Un bus de l'ONG Amnesty International. — Kriz Krystof/AP/SIPA

Elle encourt jusqu’à cinq ans de prison. Une responsable d’Amnesty International, en charge d’une mission d’observation à la frontière franco-italienne, est poursuivie pour avoir aidé des migrants en situation irrégulière, a annoncé ce vendredi l’ONG.

Dans un communiqué publié conjointement avec l’Association nationale d’assistance aux frontières pour les étrangers (Anafé), Amnesty précise qu’il lui est reproché d’avoir, le 28 juillet dernier, « facilité l’entrée de deux mineurs en situation irrégulière (…), en ayant pris en charge et convoyé pédestrement ces deux mineurs du poste frontière côté Italie au poste frontière côté France ».

Elle risque jusqu’à cinq ans d’emprisonnement et 30 000 euros d’amende

Elle doit pour ces faits être jugée devant le tribunal correctionnel de Nice le 8 janvier prochain. Elle risque jusqu’à cinq ans d’emprisonnement et 30 000 euros d’amende.

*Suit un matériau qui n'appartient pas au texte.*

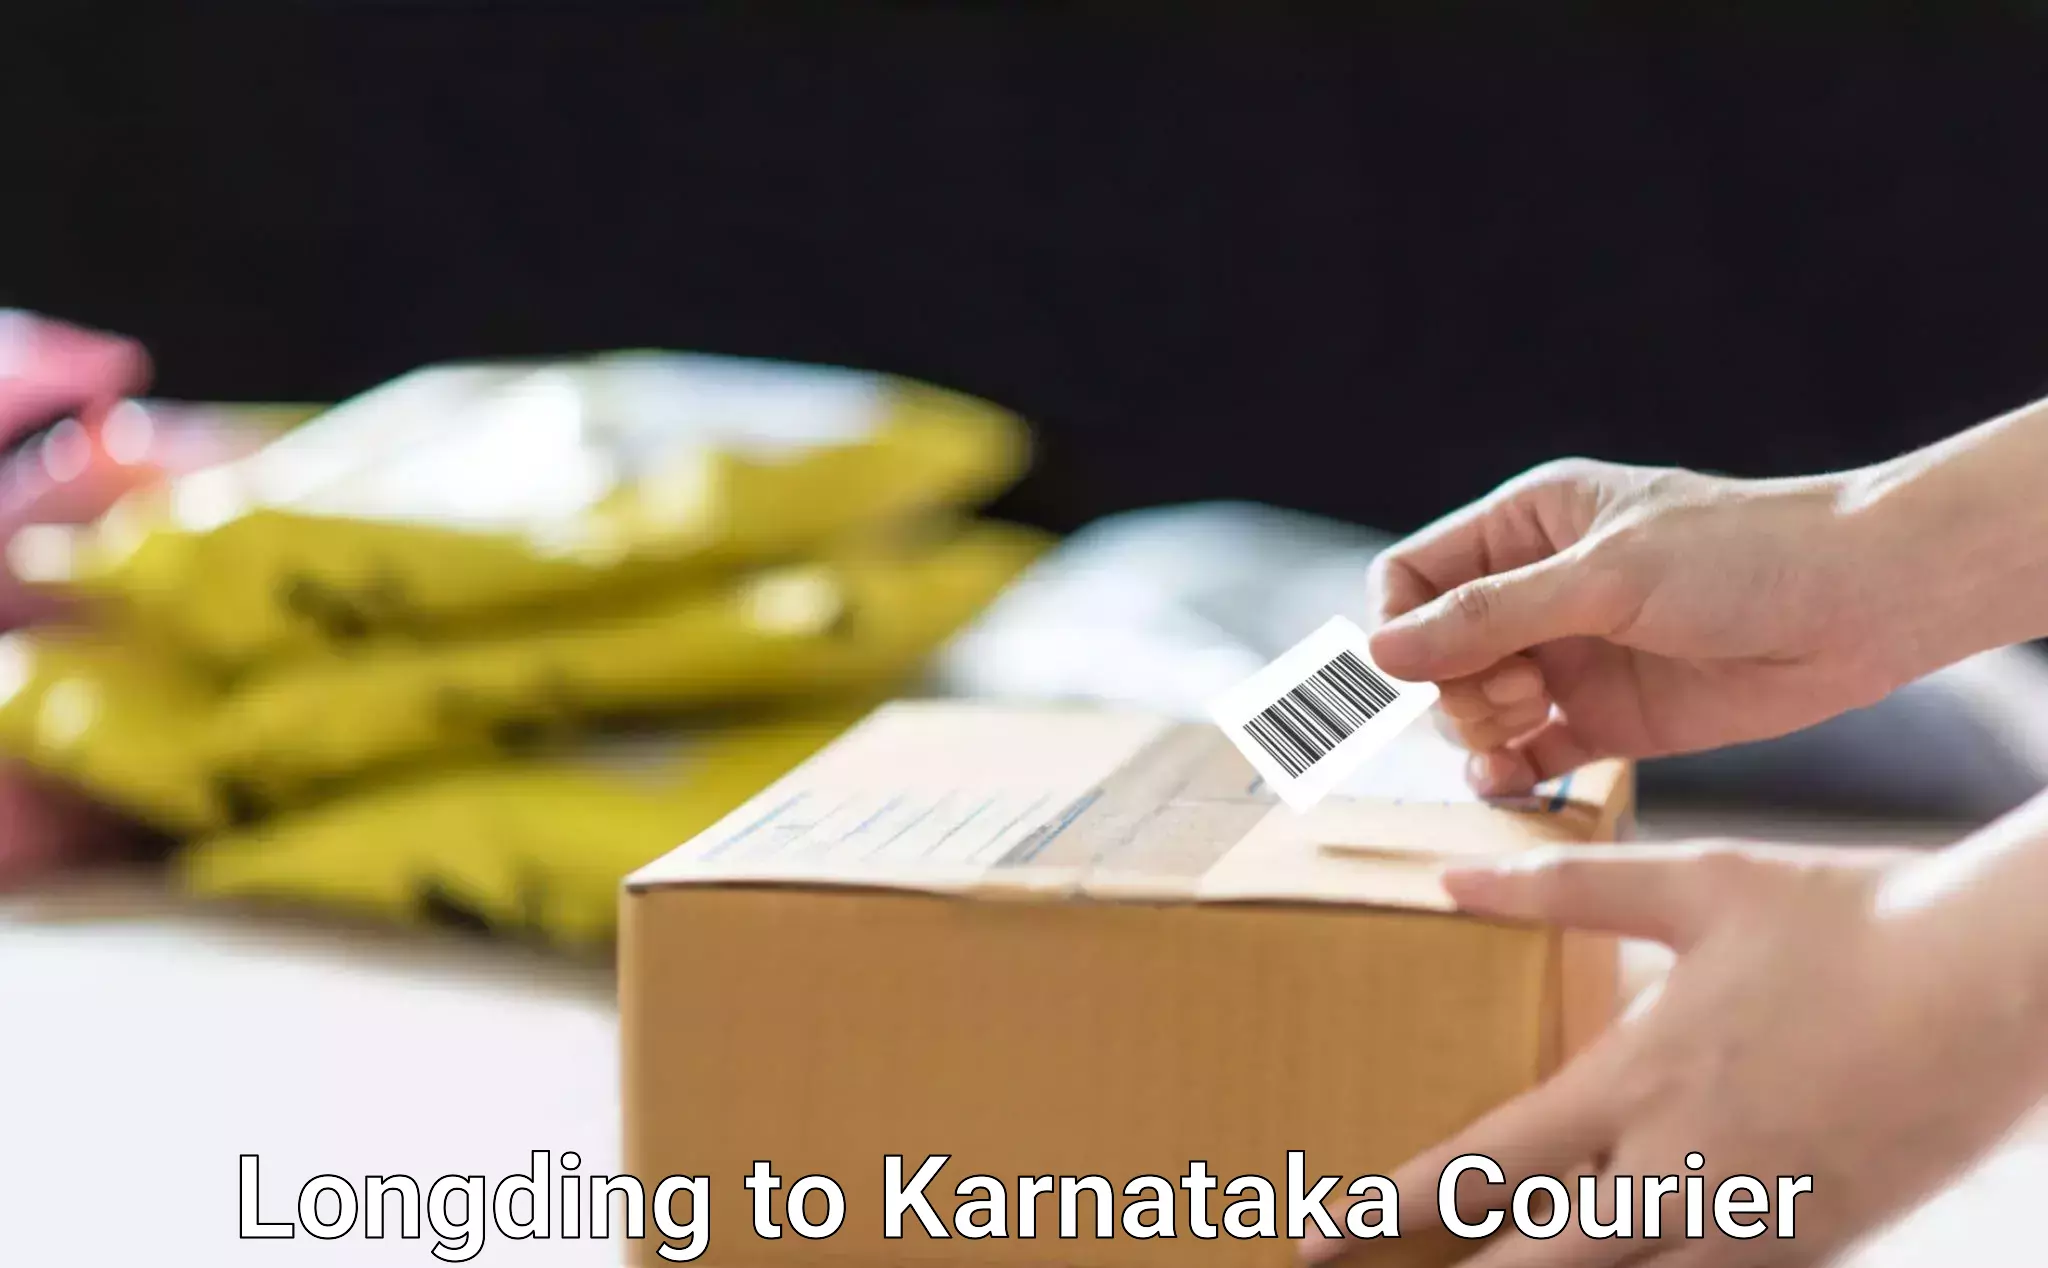 Business logistics support Longding to Karnataka

Selon ces organisations, la responsable mise en cause, Martine Landry, était « munie des documents attestant de leur demande de prise en charge par l’Aide sociale à l’enfance (ASE) ». Toujours selon Amnesty International et l’Anafé, « les deux mineurs, tous deux âgés de 15 ans et d’origine guinéenne, ont par la suite été pris en charge par l’ASE ».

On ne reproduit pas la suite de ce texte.